Well, I can say happily that tonight was a success. Are we still married? Hell yes! Am I happy? Right now I really really am yes 🙂

I wore my favorite dress, (which he has never seen before), I bought him flowers and a card and candy. We took a cab to the restaurant he booked for us, a really nice fancy place. We had talked about our little nighttime sexytime failure argument after my class, and he apologized for having used “threatening” terms, such as ‘I thought I married an adult” And ‘What have I gotten into?’ and that he was sorry for having upset me. I apologized for overreacting, for acting immature, and for handling things badly. Basically, we sorted it out. And He did mention that I had indeed used similar “threatening” terms myself, when I have been angry, most recently during our Jealousy Silent war argument. This was good feedback, now I know how it feels to hear that, I am going to stop and think before I utter such words.

After our nice date we ventured home, after a long rather painful walk in heels and both feeling hot in the humid weather and super stuffed after all the food, I had encouraged him to sweep me right off to the bedroom for some nice sexy time – RIGHT away, as I was wearing MATCHING lingerie which I don’t do too often.
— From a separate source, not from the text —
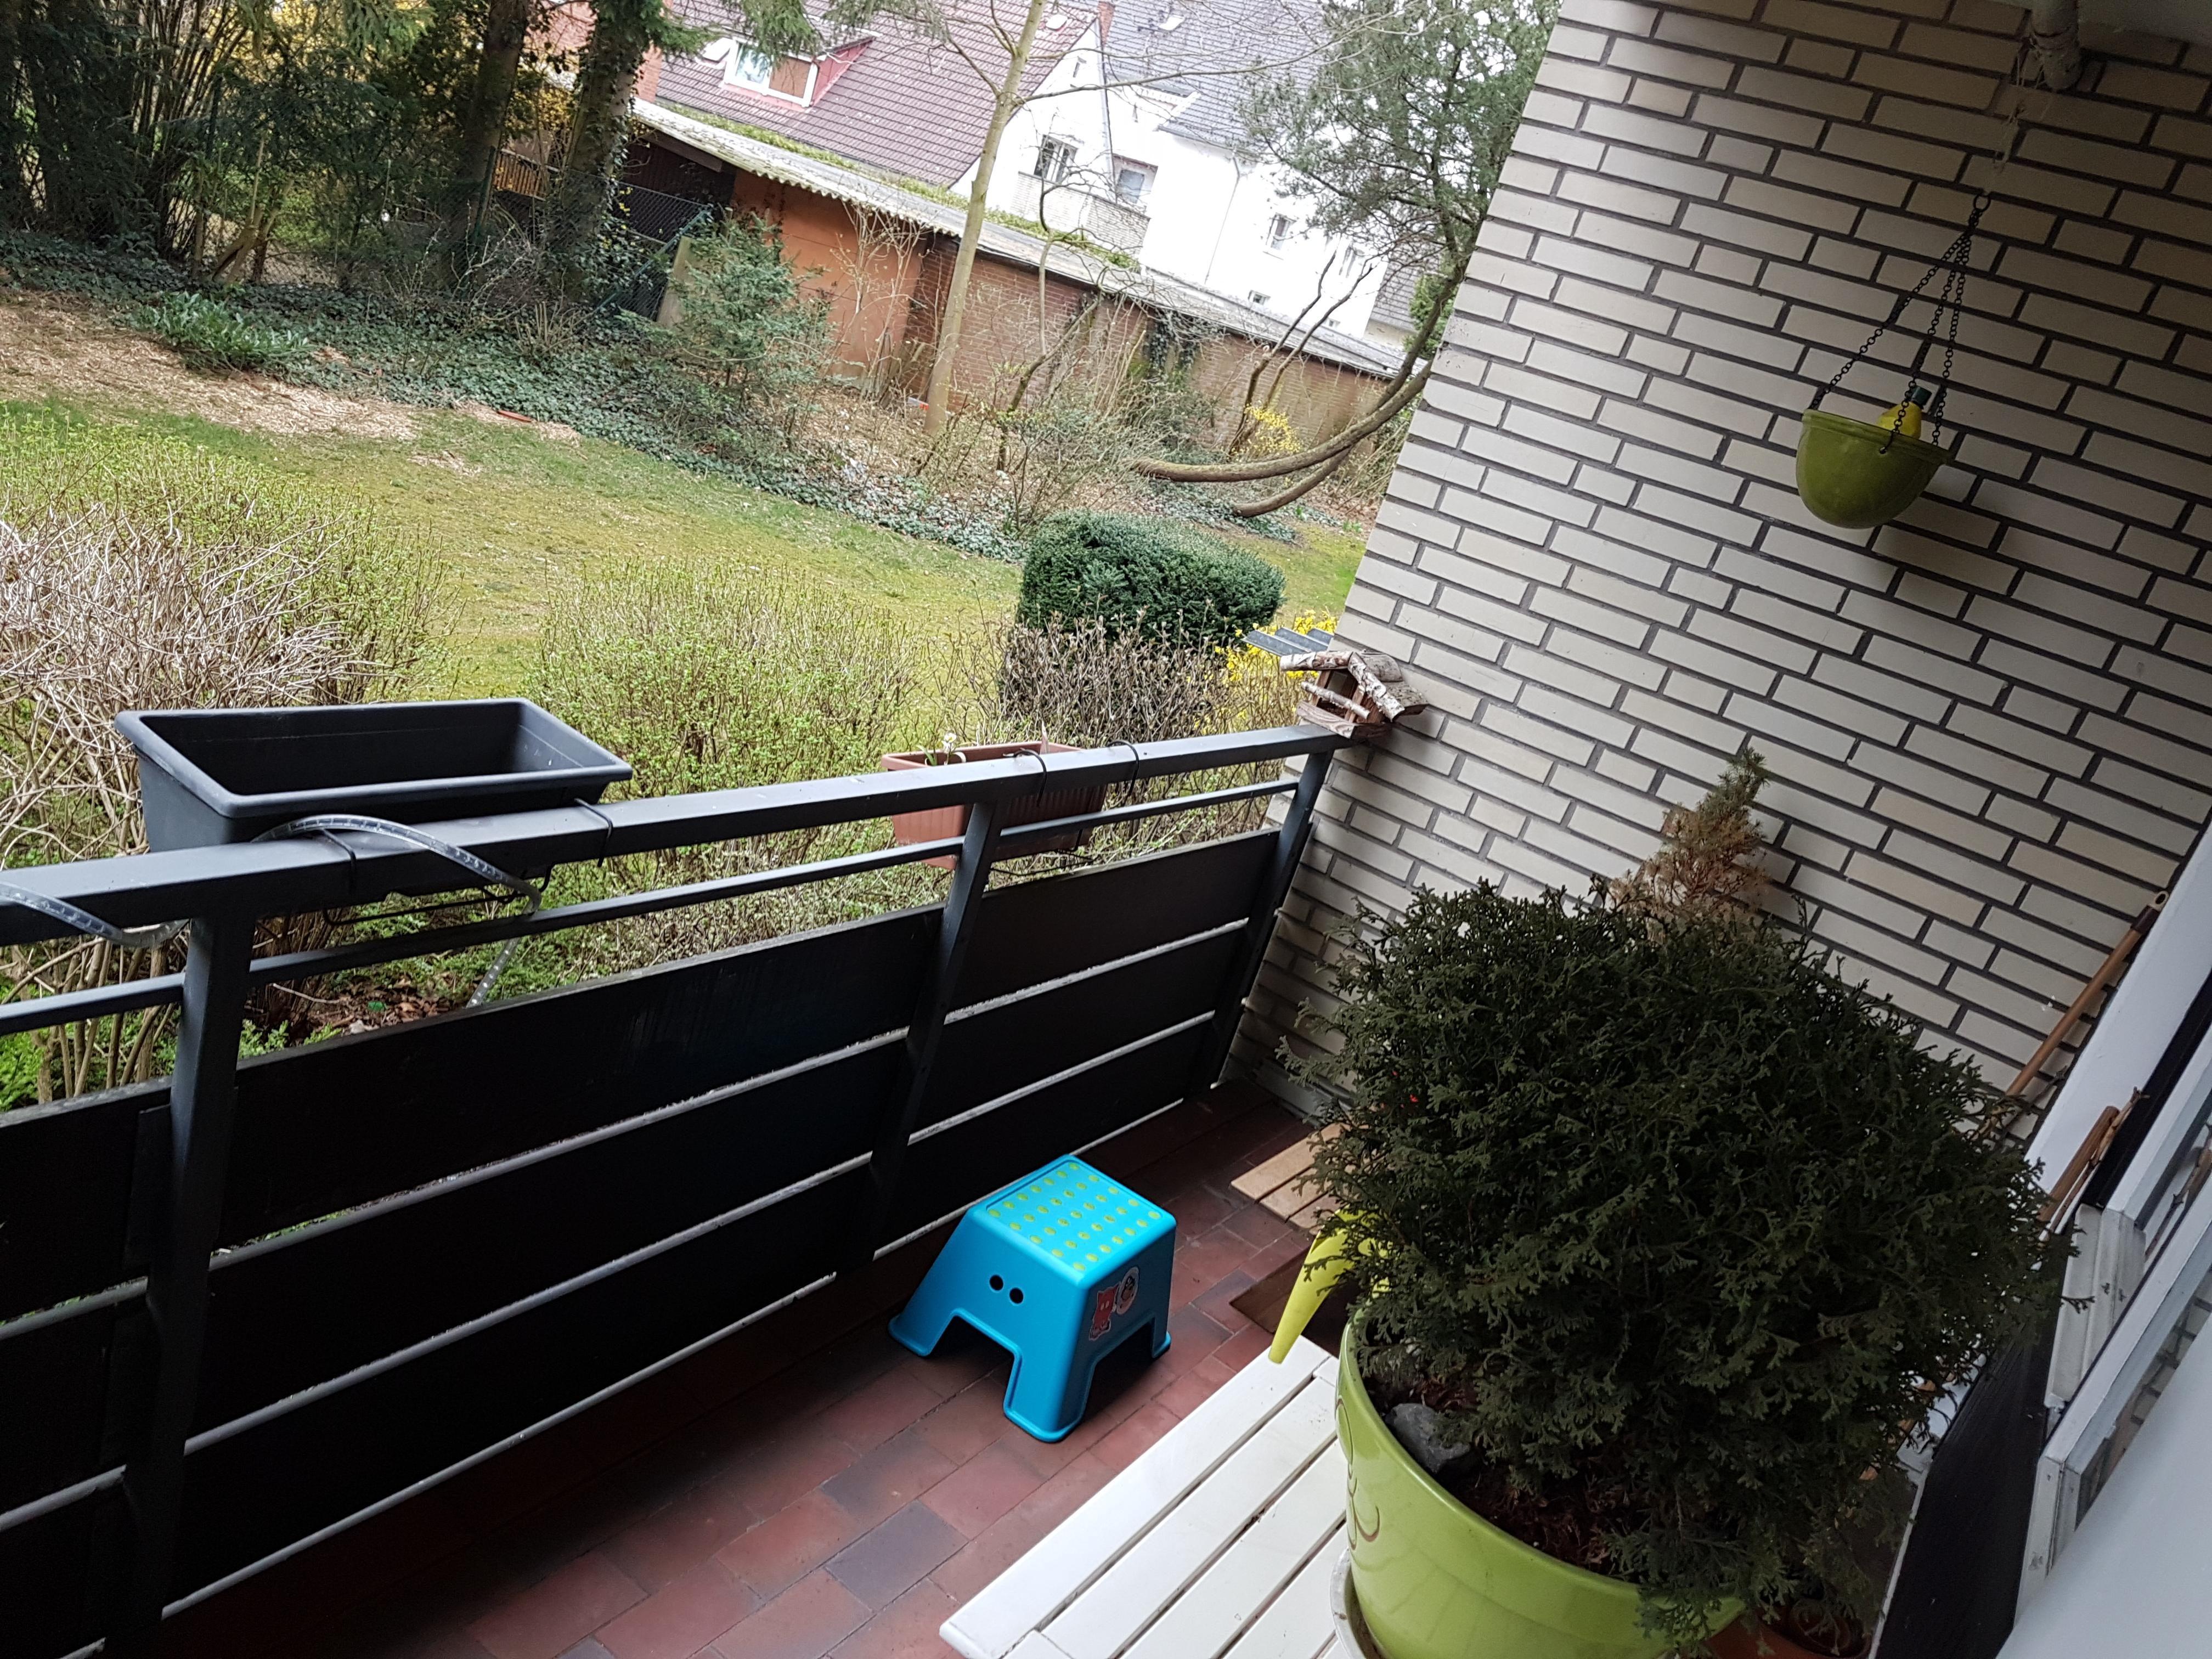 Trist, trister, #meinbalkon
Für das HHer Wetter kann ich nichts - für den faden Balkon schon. Ich habe nur keine Ideen.

We goofed it up the first round, I begged him to start again, and then we got it right! And we ended up playing this weird Milkman sex game and just having the best sex that we’ve had in a looong time, (from behind). I looked good in my lacy lingerie, and he looked so good in his ripped body, ahhh He’s so hot, and he made sure to please me to the T. It was perfect. And now we are eating ice cream.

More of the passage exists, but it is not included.